# 0_Scrape_Cartier

## 1. Import Libraries

In [1]:
# Import libaries
import pandas as pd
import requests
from bs4 import BeautifulSoup
import json

## 2. Scrape Cartier Comments

We decided to scrape from watchuseek.com forum, because subreddit doesn't have enough comments. 

### 2.1. Scrape All Threads From All Pages (59 Pages)

In [2]:
# Set base and root urls
base_url = 'https://www.watchuseek.com/forums/cartier.481/'
root_url = 'https://www.watchuseek.com'

In [3]:
# Check response
response = requests.get(base_url)
response

<Response [200]>

In [4]:
# Initiate soup
soup = BeautifulSoup(response.text, 'lxml')

In [13]:
# CHANGE THIS - Set no of pages for main page
no_main_pages = 59

# Dictionary for thread links
thread_urls_dict = {}

# Get all thread links
for i in range(1,no_main_pages+1):
    
    # For page 1 use base_url
    if i == 1:
        response = requests.get(base_url)
        soup = BeautifulSoup(response.text, 'lxml')
        threads = soup.find_all('div', class_='california-thread-item')

        # Save urls in thread_urls
        thread_urls = []
        for thread_item in threads:
            thread_urls.append(thread_item.find('a', class_="thread-title--gtm")['href'])

        # Add thread urls to dict
        thread_urls_dict[i] = thread_urls
    
    # For other pages use https://www.watchuseek.com/forums/cartier.481/page-n format
    else:
        response = requests.get(base_url+'page-'+str(i))
        soup = BeautifulSoup(response.text, 'lxml')
        threads = soup.find_all('div', class_='california-thread-item')

        # Save urls in thread_urls
        thread_urls = []
        for thread_item in threads:
            thread_urls.append(thread_item.find('a', class_="thread-title--gtm")['href'])
        
        # Add thread urls to dict
        thread_urls_dict[i] = thread_urls
        
# Print thread_urls_dict        
thread_urls_dict

{1: ['/threads/welcome-to-our-new-cartier-forum.749568/',
  '/threads/cartier-movement-calibre-de-cartier-1904-mc.750205/',
  '/threads/valuation-and-authenticity-posts-please-read.749974/',
  '/threads/fake-vintage-cartier.5554745/',
  '/threads/wtb-cartier-santos-galbee-ref-1566-spare-links.5554519/',
  '/threads/fake-tank.5554481/',
  '/threads/cartier-santos-quick-release-rubber-straps.5551063/',
  '/threads/liger-quick-release-straps.5510253/',
  '/threads/vintage-cartier-tank-original.5553948/',
  '/threads/let%E2%80%99s-see-your-cartier.4682793/',
  '/threads/tank-must-replaced-dial-authentic.5553659/',
  '/threads/authentic-or-not-cartier-santos-galbee.5257630/',
  '/threads/cartier-vendome-trinity-authentic.5553093/',
  '/threads/help-for-cartier-panthere.5553171/',
  '/threads/crappy-tanks-from-the-70s-and-80s.5553058/',
  '/threads/legit-check-on-cartier-tank.5550682/',
  '/threads/seeking-advice-on-a-vintage-cartier-santos-dial-bubbles-and-value-concerns.5552389/',
  '/thre

We got all the threads link from 59 pages of forum.

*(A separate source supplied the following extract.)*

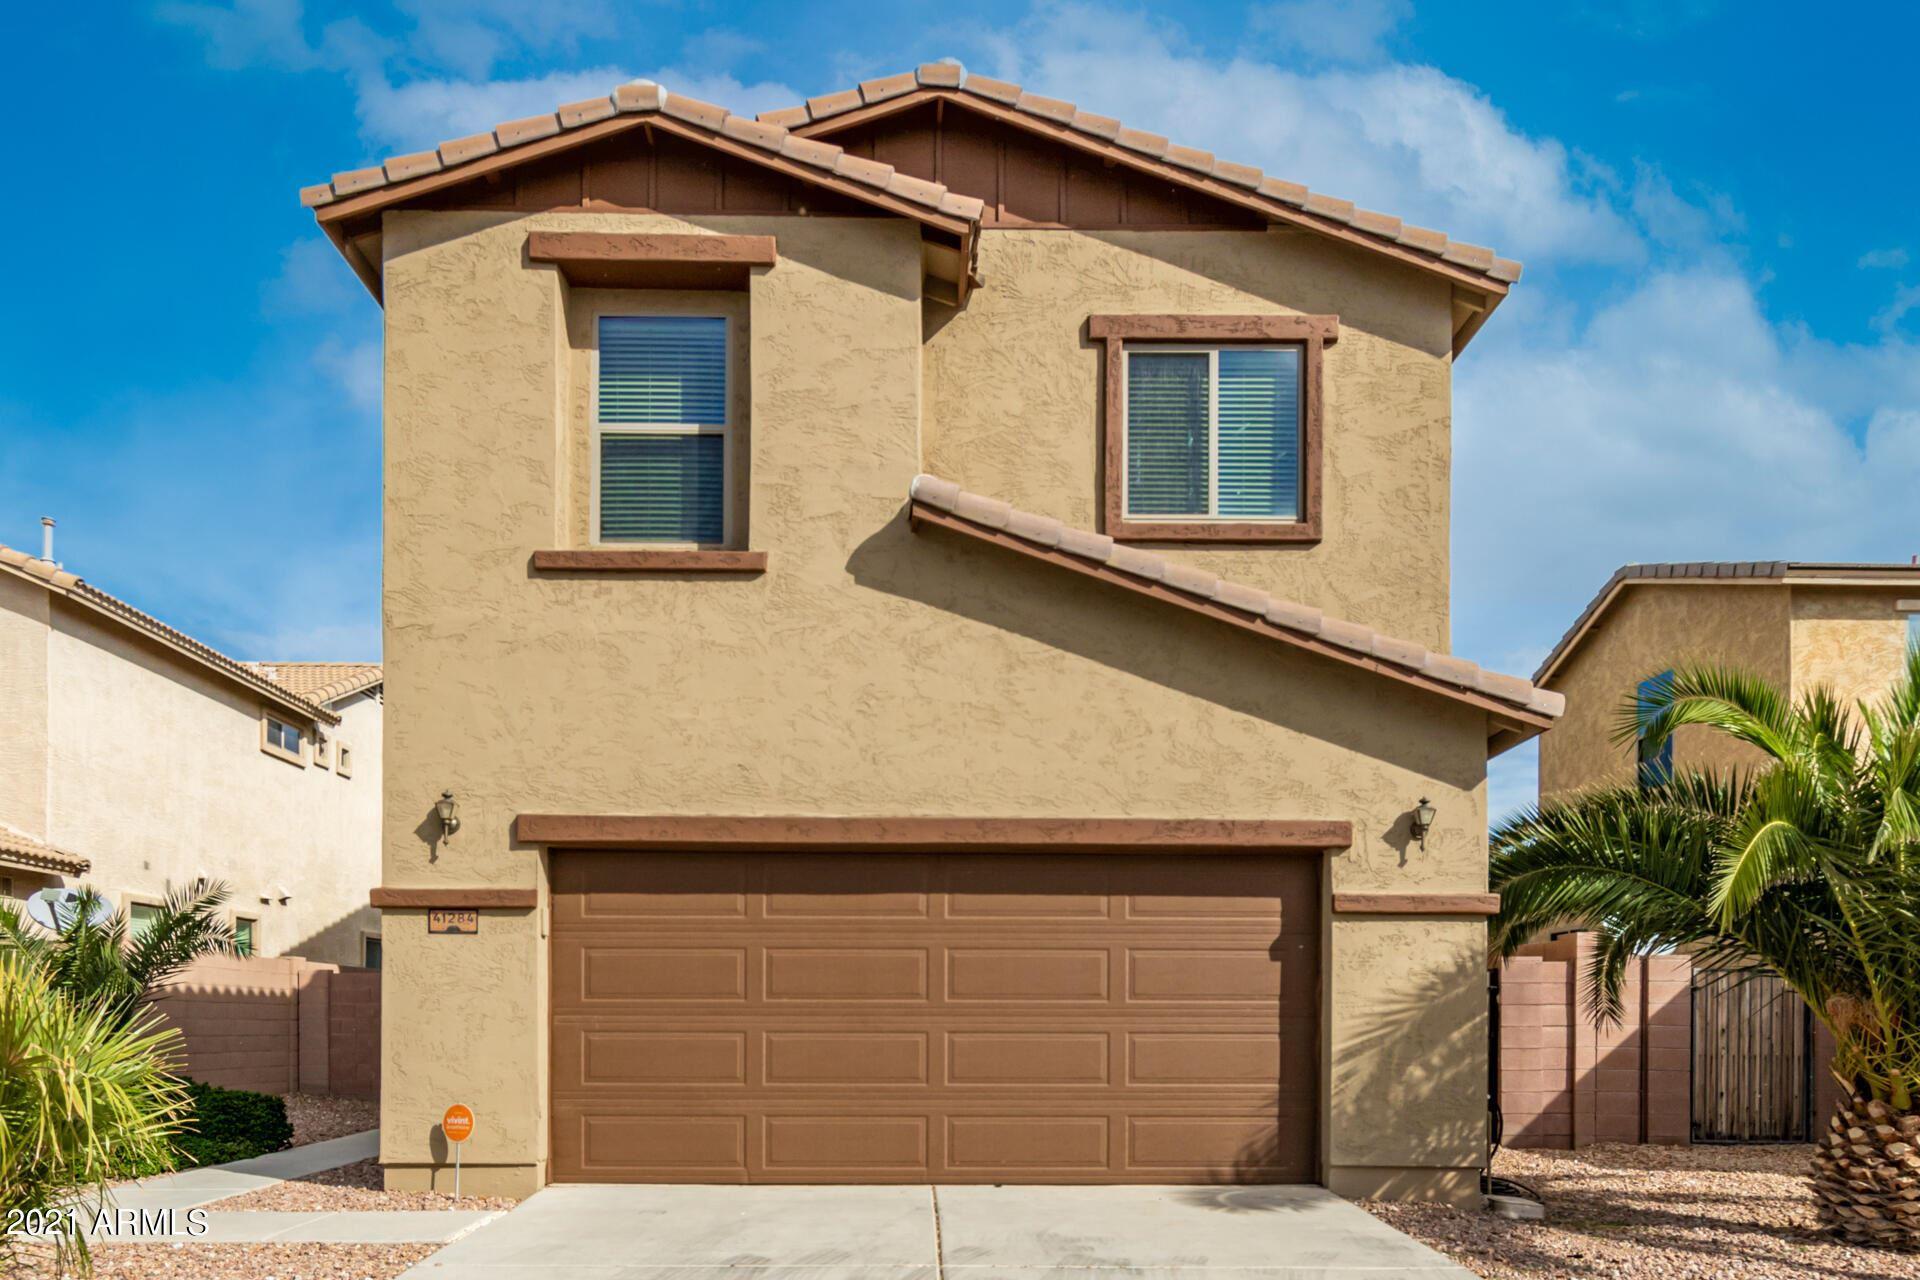 Photo for 41284 W COLBY Drive, Maricopa, AZ 85138 (MLS # 6294684)

Now we will scrape the comments from each threads.

### 2.2 Scrape comments From Each threads

In [15]:
# List for comments data
comments_data = []

# Go through each thread url
for i, thread_urls in thread_urls_dict.items():
    for thread_url in thread_urls:
        thread_page_url = root_url + thread_url
        response = requests.get(thread_page_url)
        soup = BeautifulSoup(response.text, 'lxml')
        
        # Scrap all comments
        comments = soup.find_all('div', class_="message-cell message-info-block")
        
        # Go through each comment
        for comment in comments:
            # Splitting the string to extract name and date, and ignoring the time
            parts = comment.find('div', class_="message-userContent lbContainer js-lbContainer")['data-lb-caption-desc'].split('·')
            name = parts[0].strip()
            date_time_part = parts[1].strip()
            date = ' '.join(date_time_part.split()[:3])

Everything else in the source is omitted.